# Senior Female Rat Seeking a New Home - Central FL



## Mis Ratitas (Jun 19, 2012)

I have the last of a group of 4 rats I adopted last year from an owner who could not care for them.

I have posted this ad in my local (Orlando) Craigslist and hoping to find someone that can adopt Gertie!

Gertrude is a Dwarf Hooded Rat.
She will be 2yrs old in October and has no health issues.

Gertie's "sisters" have recently passed away.
I am not in a position to take in more rats but don't want her to be lonely.
I am looking for an experienced rat owner that has other females she can bond with.
She is not very bonded with me so I feel ok with rehoming her.
Of the 4 she was the dominant and busy with managing the group, so we never really had a lot of one on one time.
She is not aggressive and I can handle her when needed.

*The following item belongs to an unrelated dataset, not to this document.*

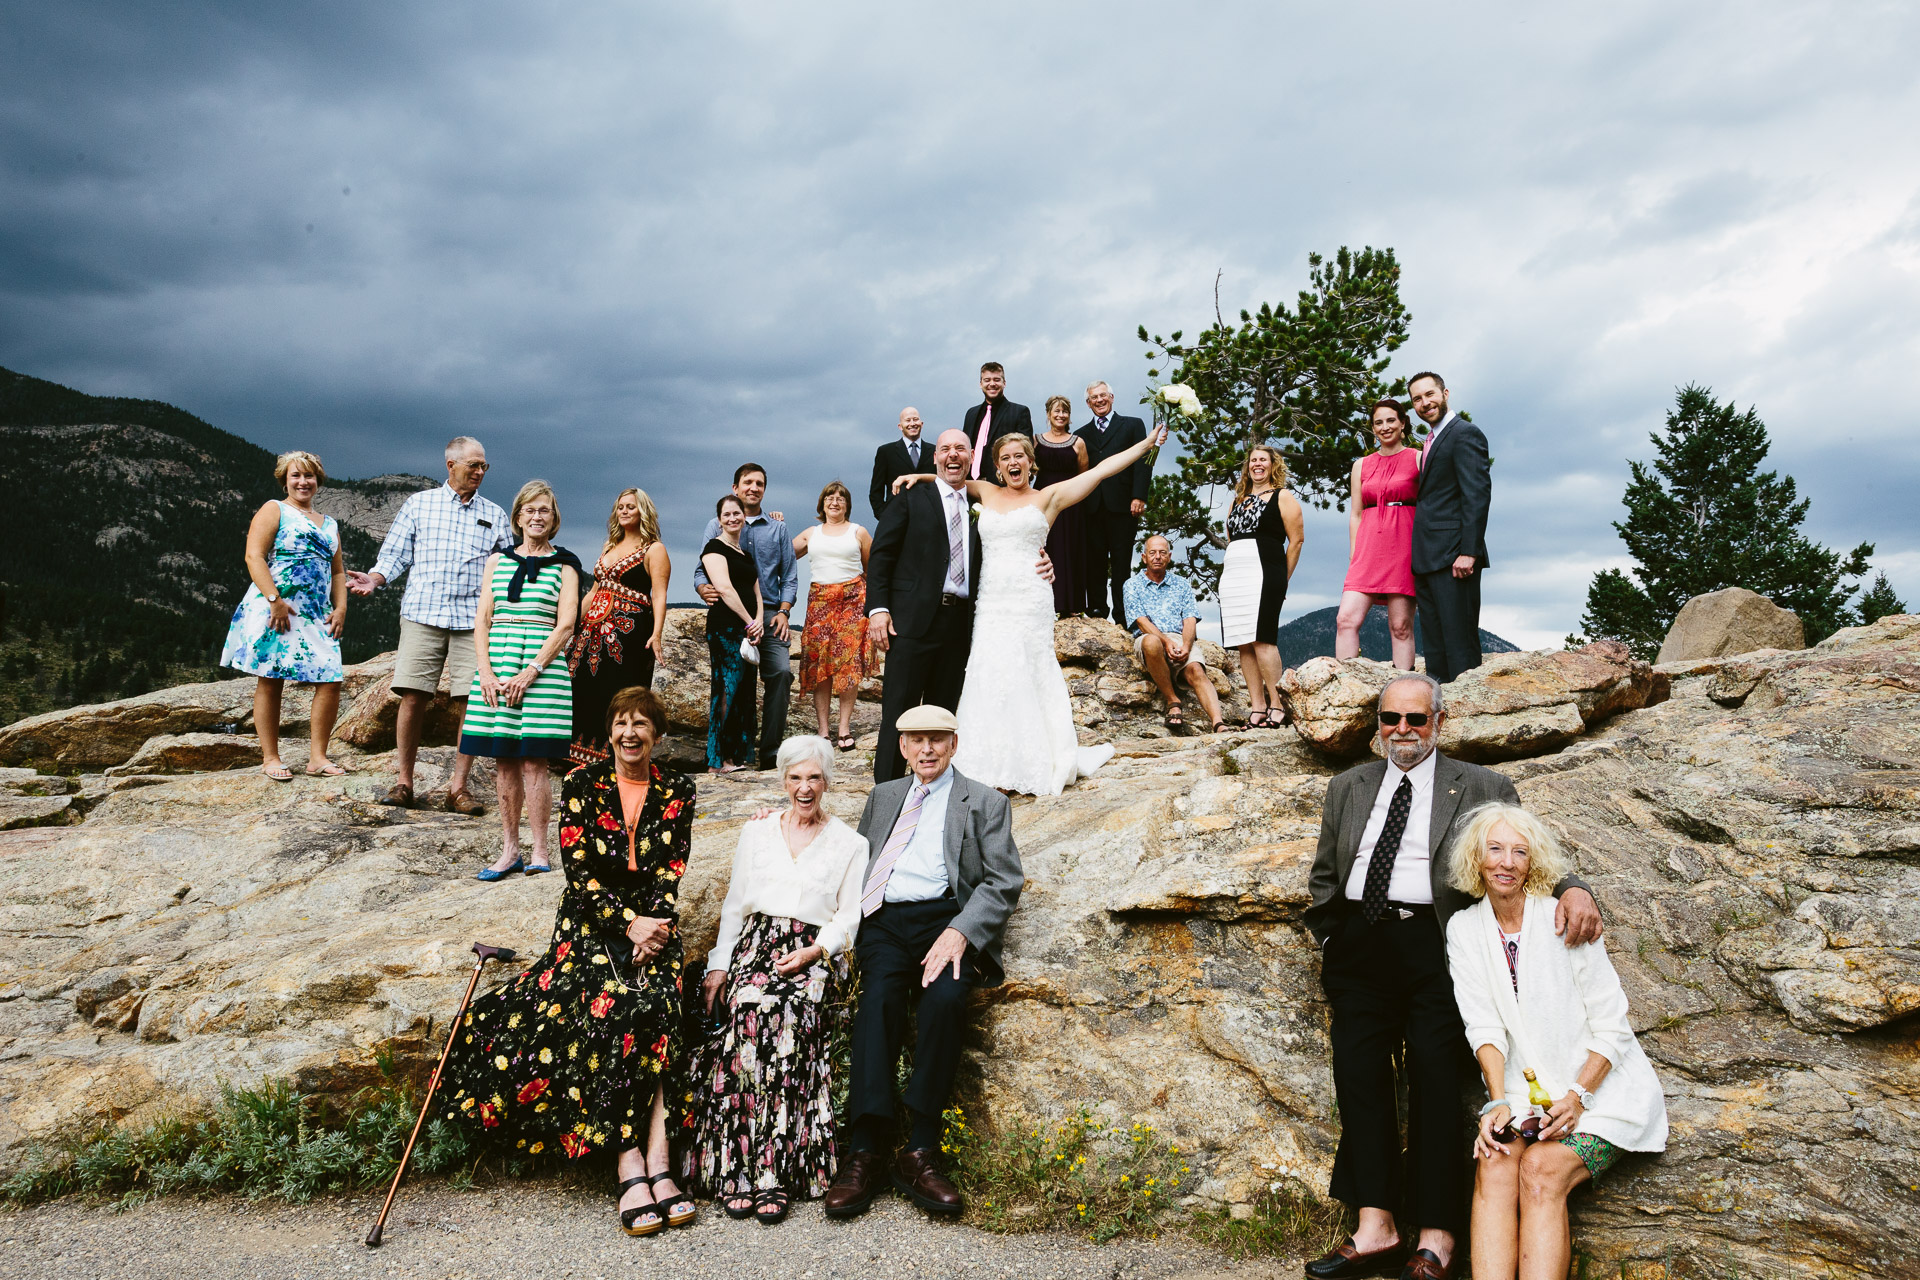 Rocky-Mountain-National-Park-Wedding-Photography-Alayna-Mark-375
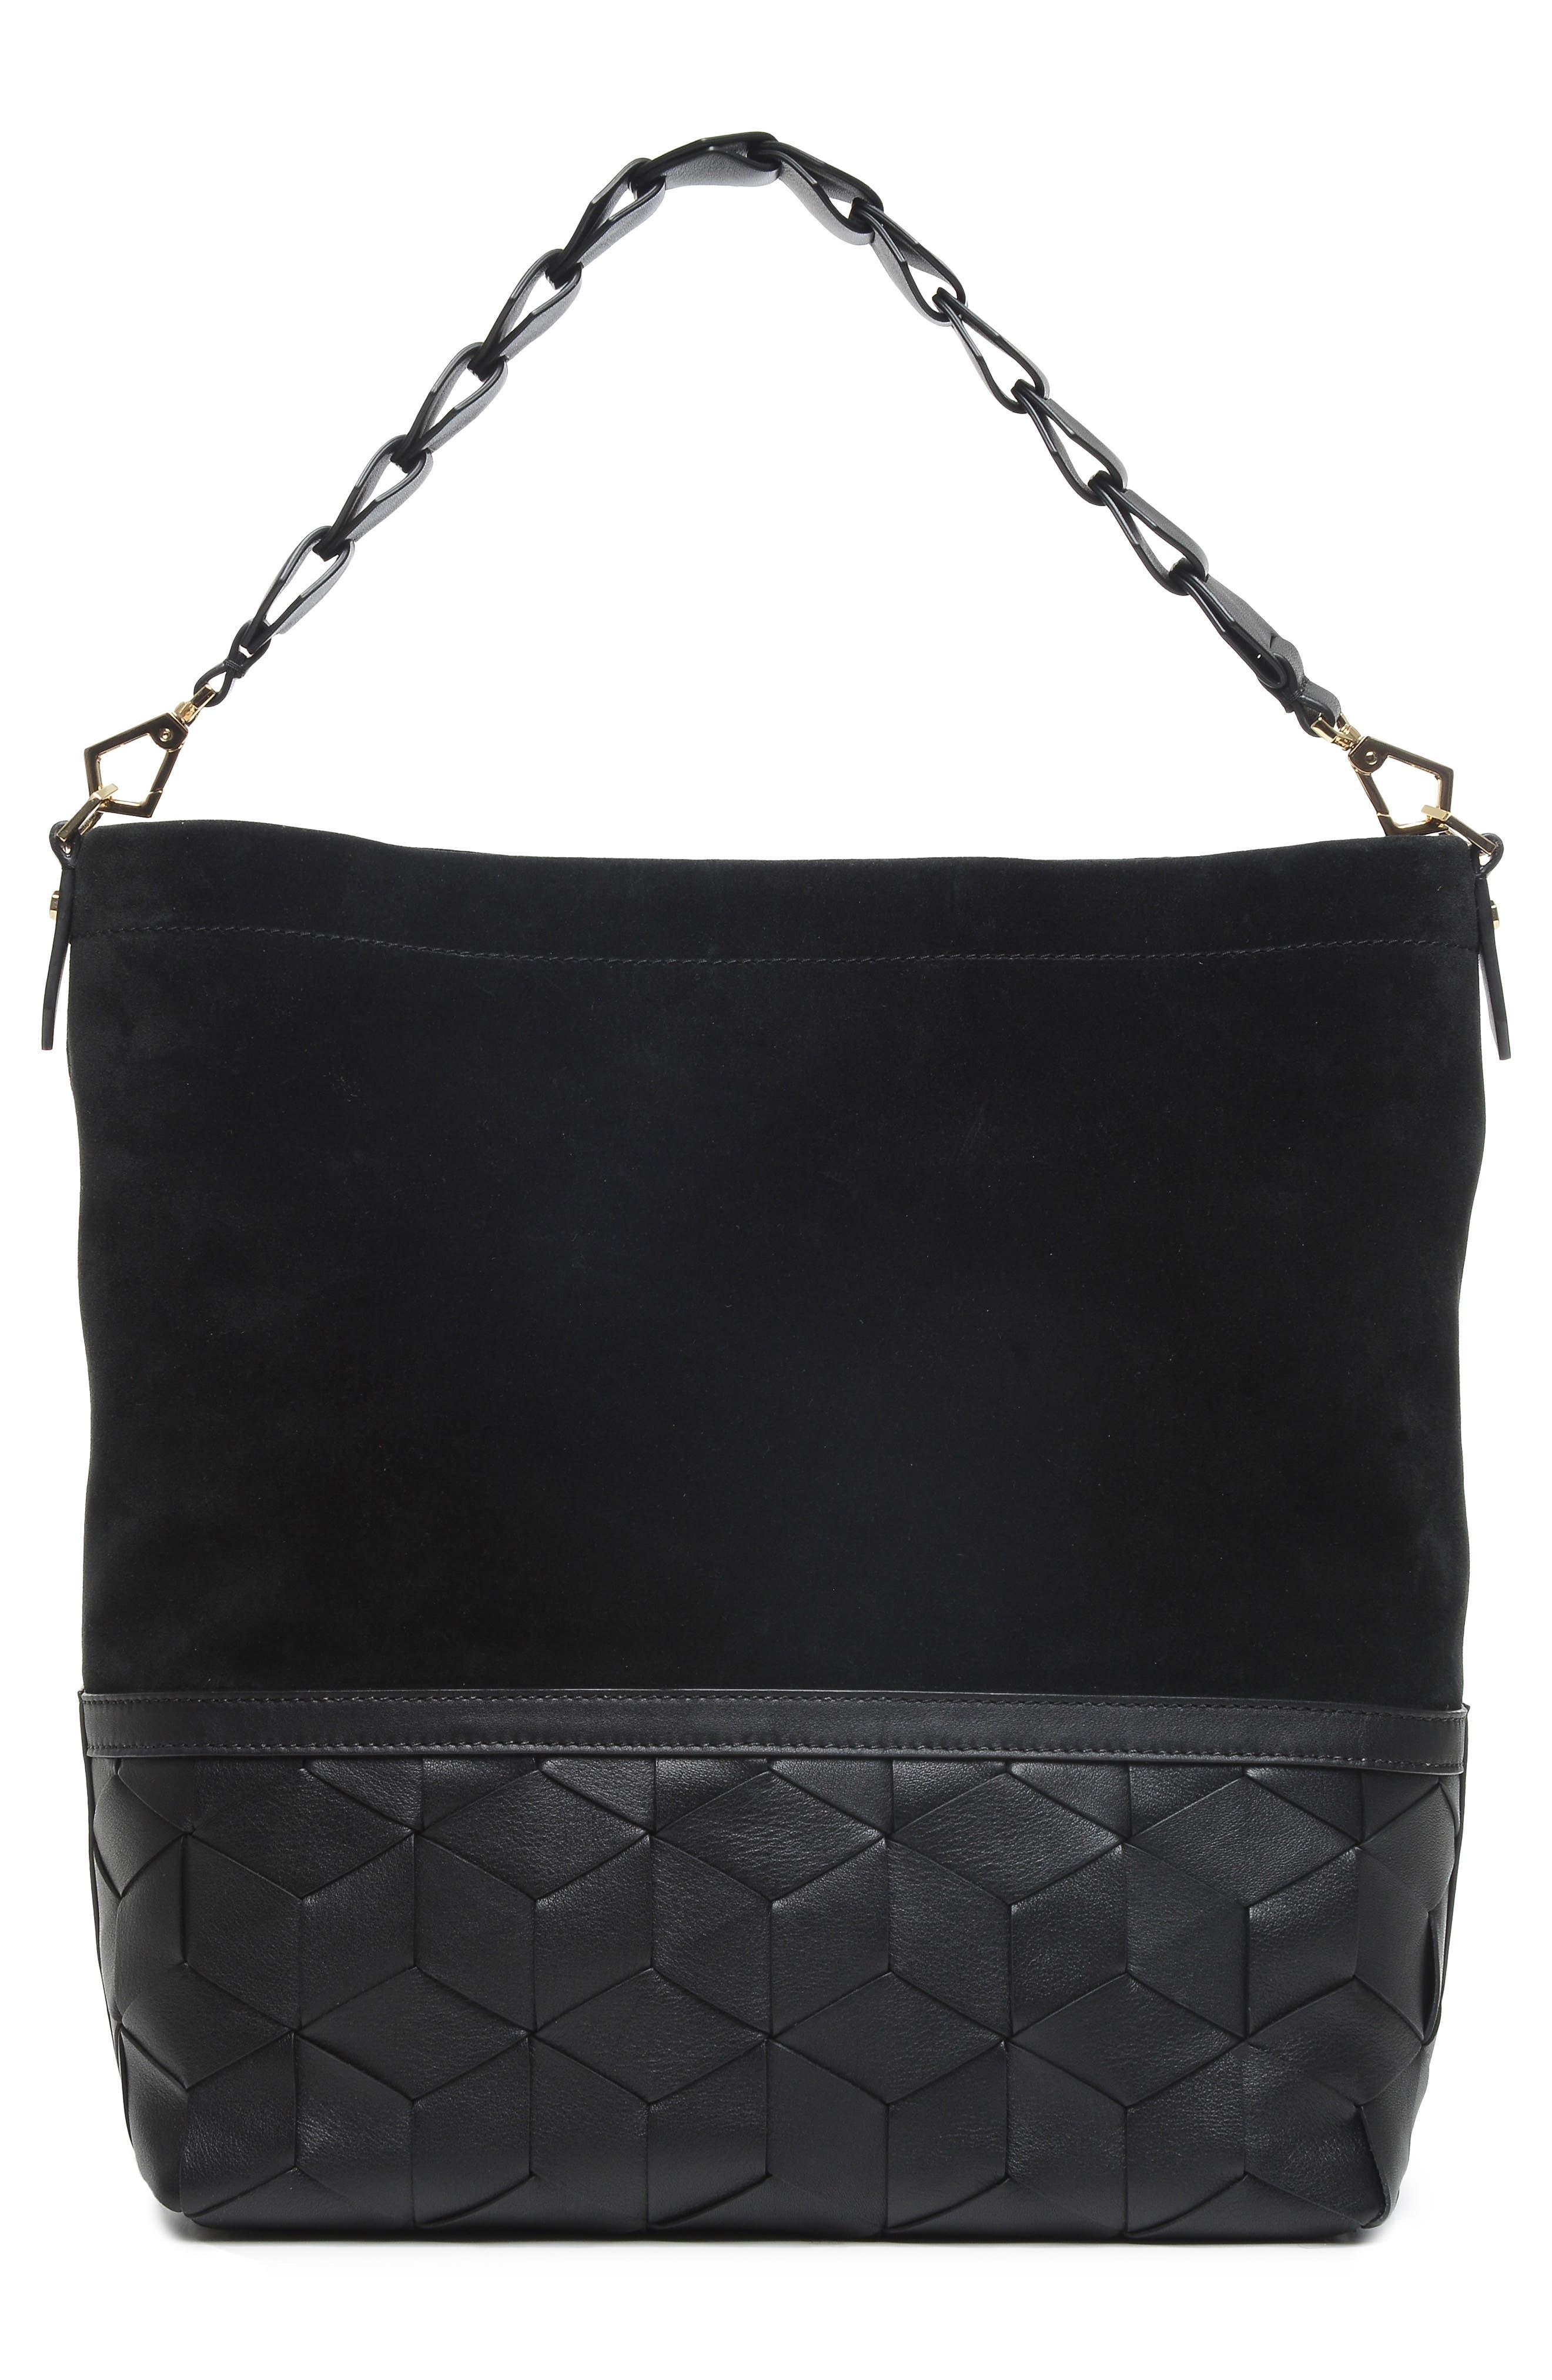 Promenade Leather & Suede Bucket Bag,                             Alternate thumbnail 3, color,                             001

If you have EXPERIENCE and OTHER FEMALES that you can integrate her with, and willing to offer her a stable home to live out her life, please contact me.
There is no fee but I will want to deliver her to ensure it is a good home for a rat.


----------



## Jesi (Jun 10, 2013)

If I lived near you I would have loved to take her on. I hope you find a good home for her 


Sent from Petguide.com Free App


----------



## Mis Ratitas (Jun 19, 2012)

???


----------